DATA SHOWN:
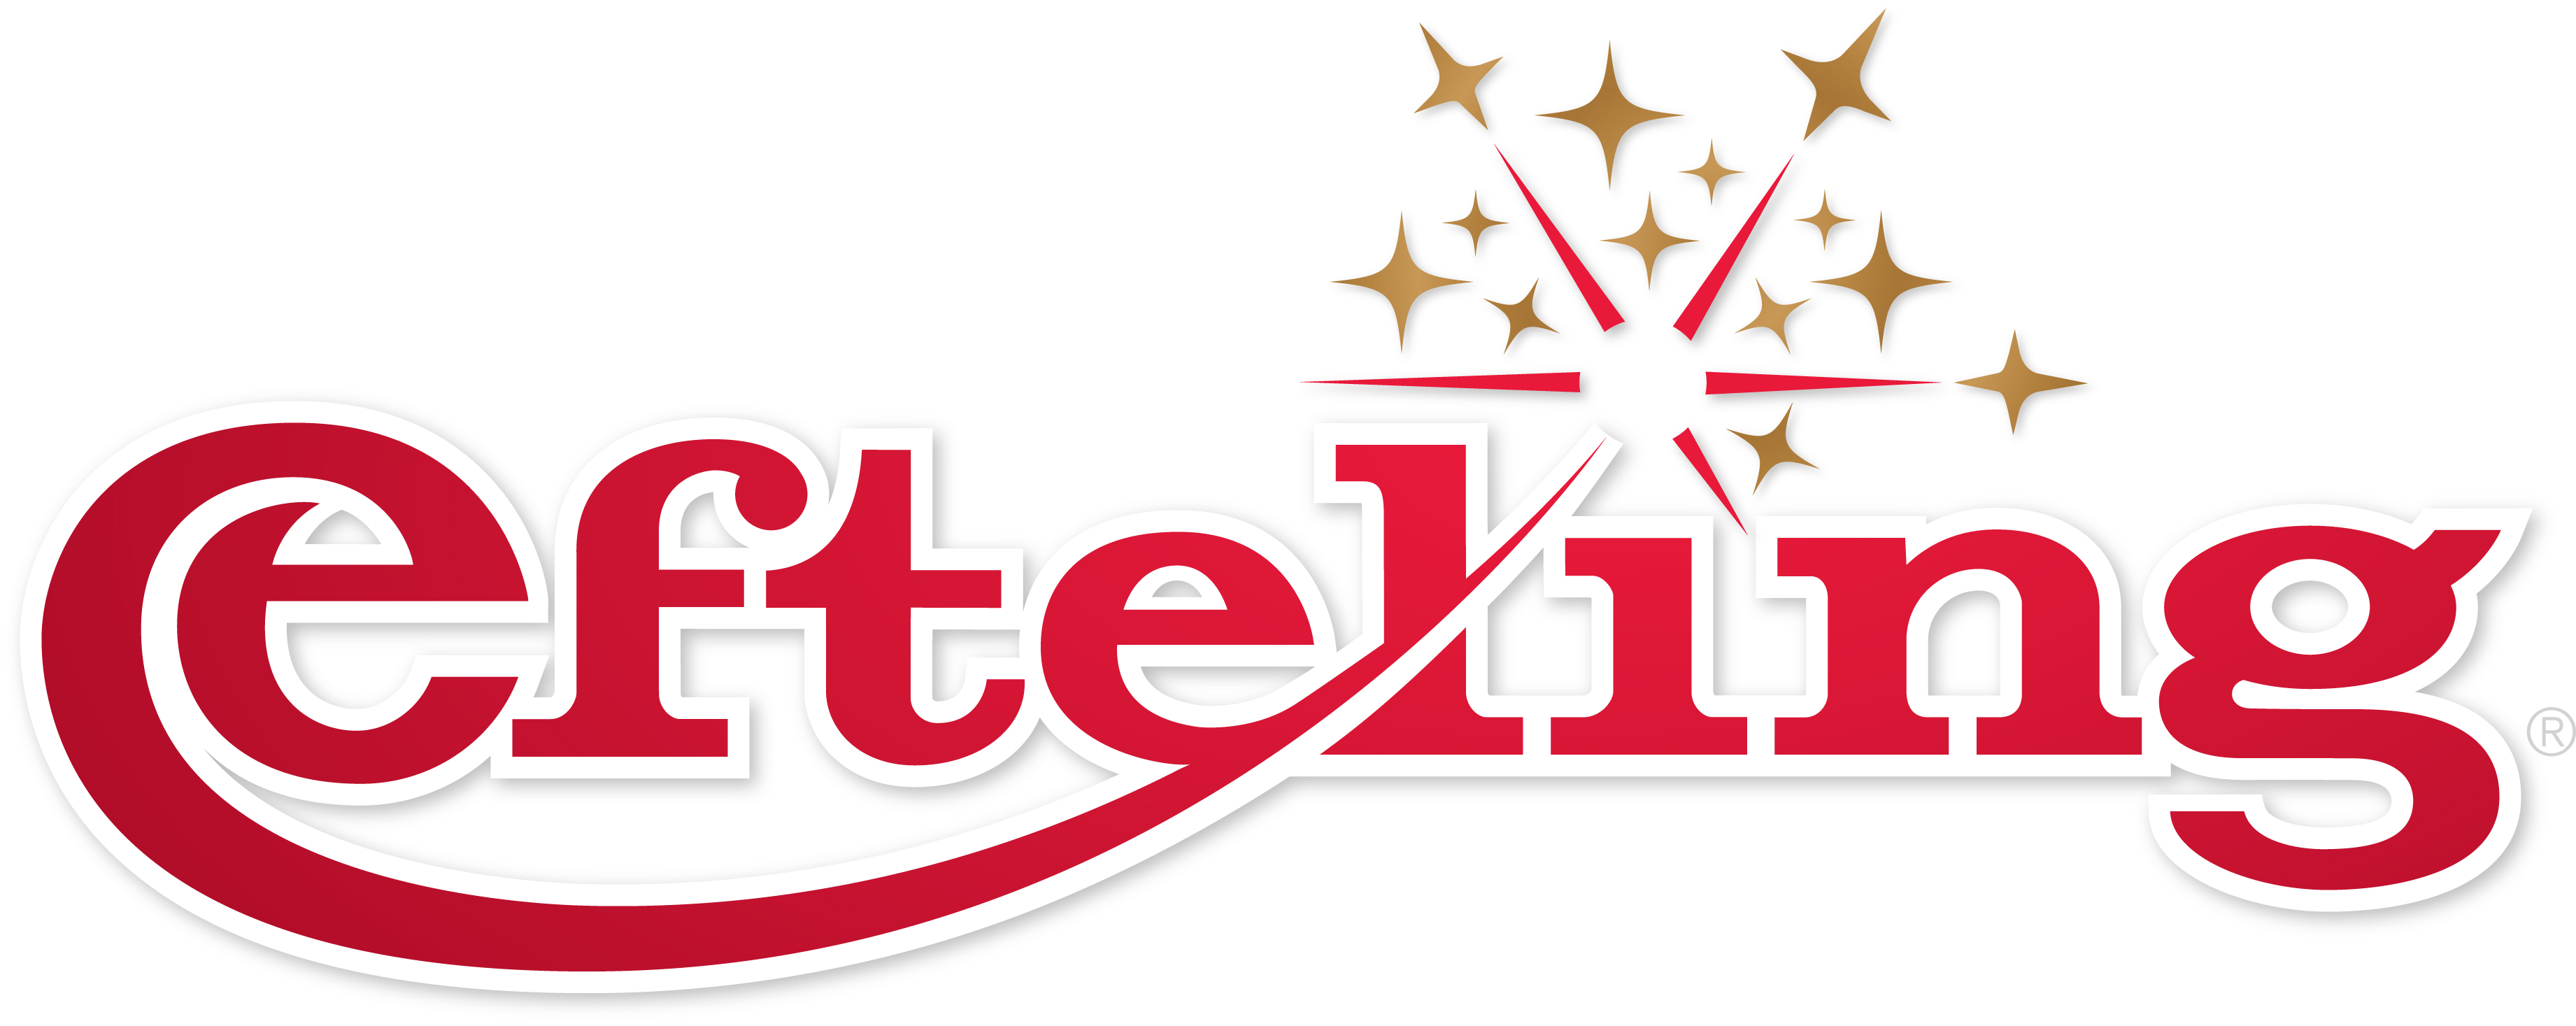 logo-efteling-16-LO.jpg
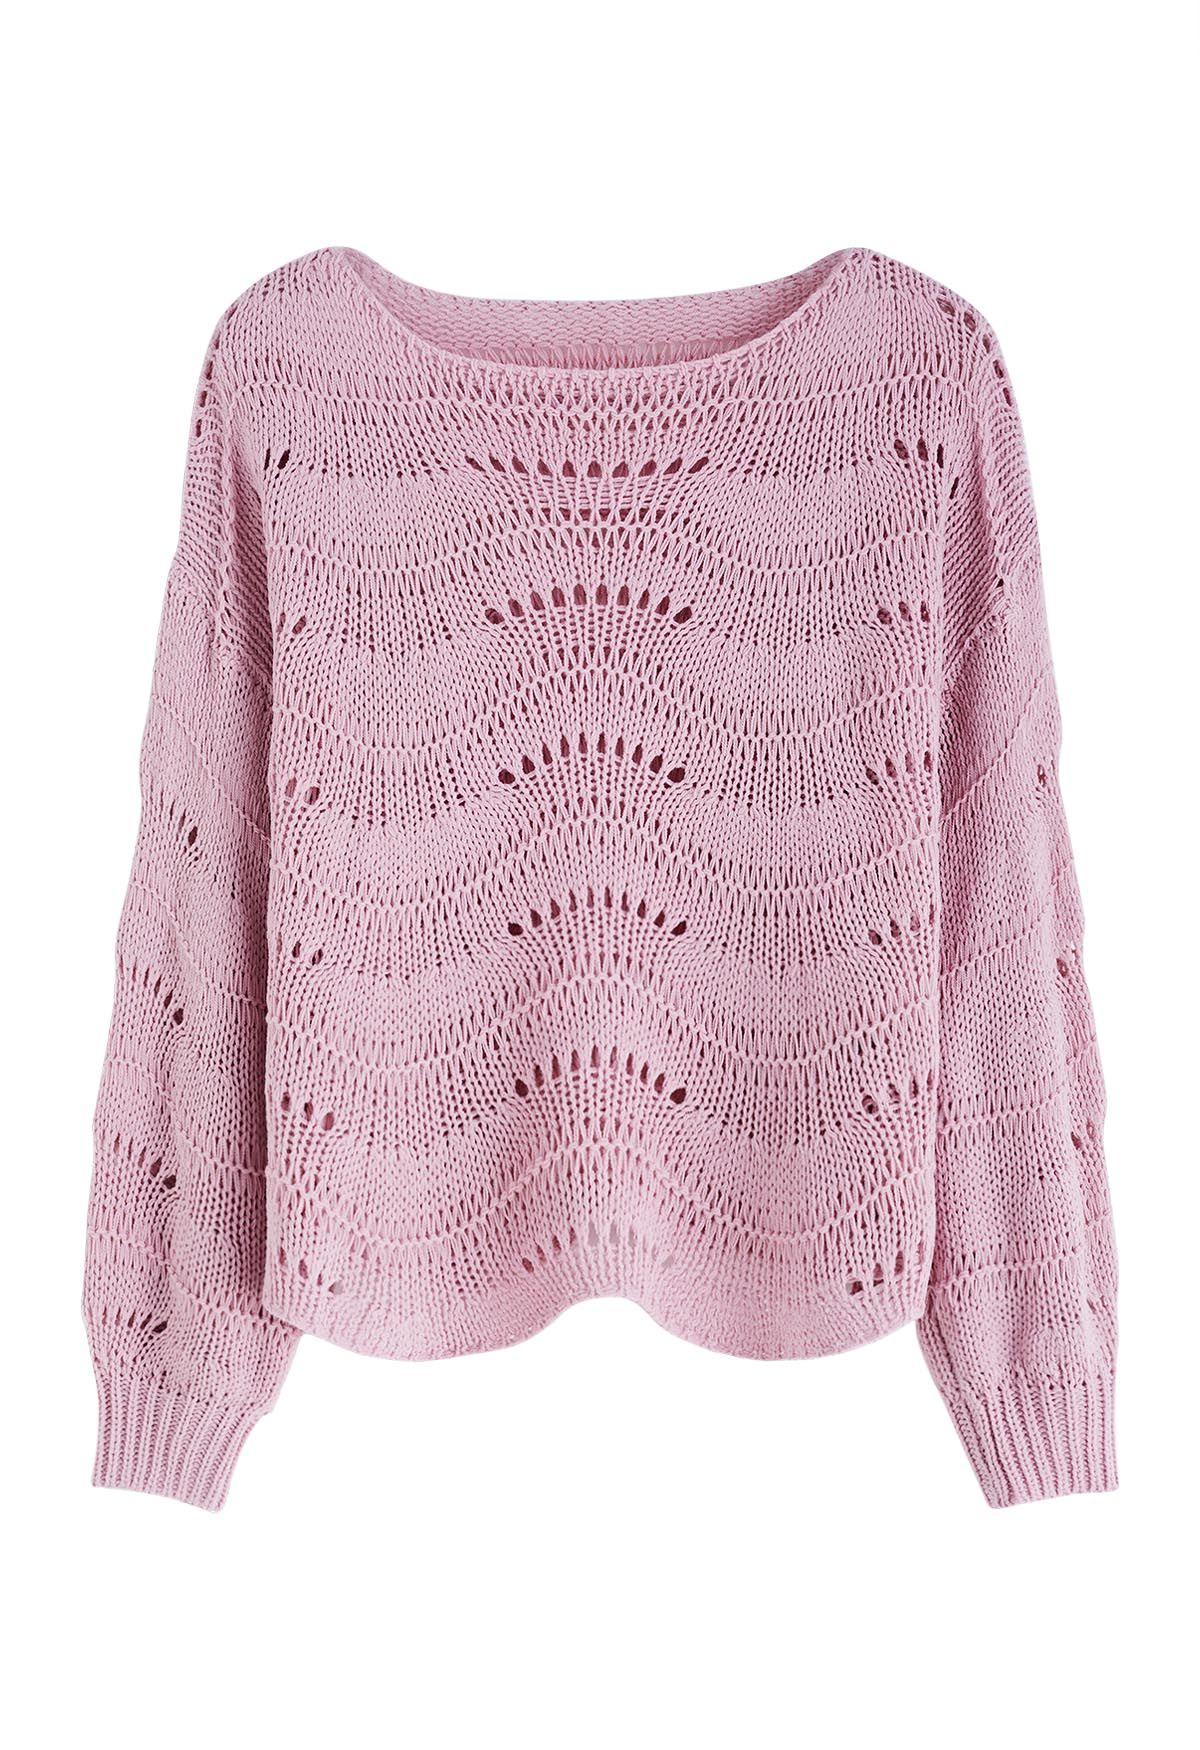 Wavy Line Openwork Knit Sweater in Pink
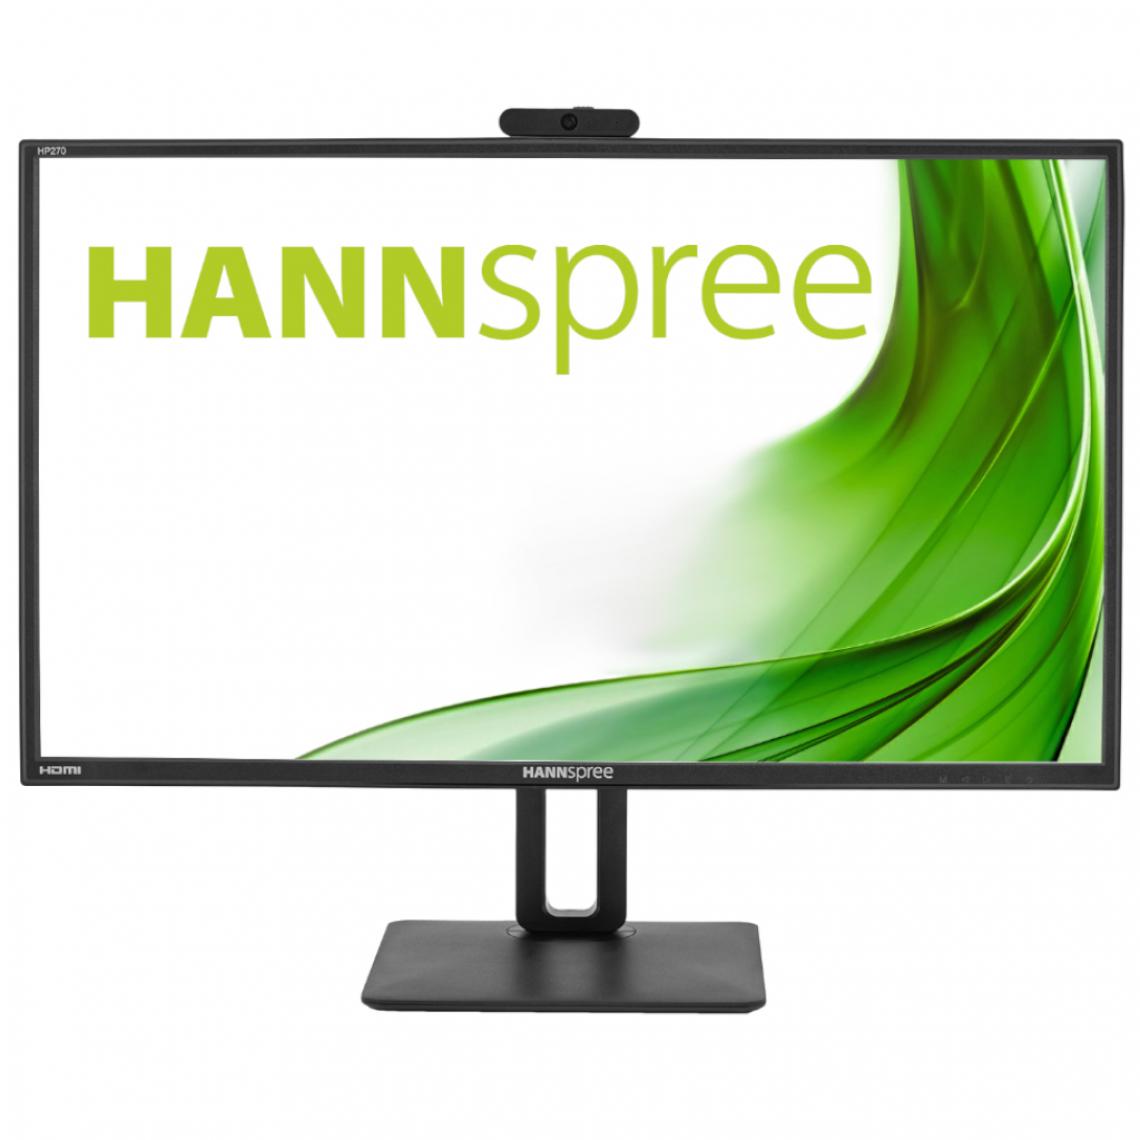 Hannspree - HP270WJB 27p LED Mon HP270WJB 27p LED Monitor 16:9 FullHD 1920x1080 300cd/m2 5ms VGA HDMI 1.4 - Moniteur PC

WORK INSTRUCTIONS:
Would you output the data exactly, without any of its images?

RESULT OF THE TASK:
 logo-efteling-16-LO.jpg
 Wavy Line Openwork Knit Sweater in Pink
 Hannspree - HP270WJB 27p LED Mon HP270WJB 27p LED Monitor 16:9 FullHD 1920x1080 300cd/m2 5ms VGA HDMI 1.4 - Moniteur PC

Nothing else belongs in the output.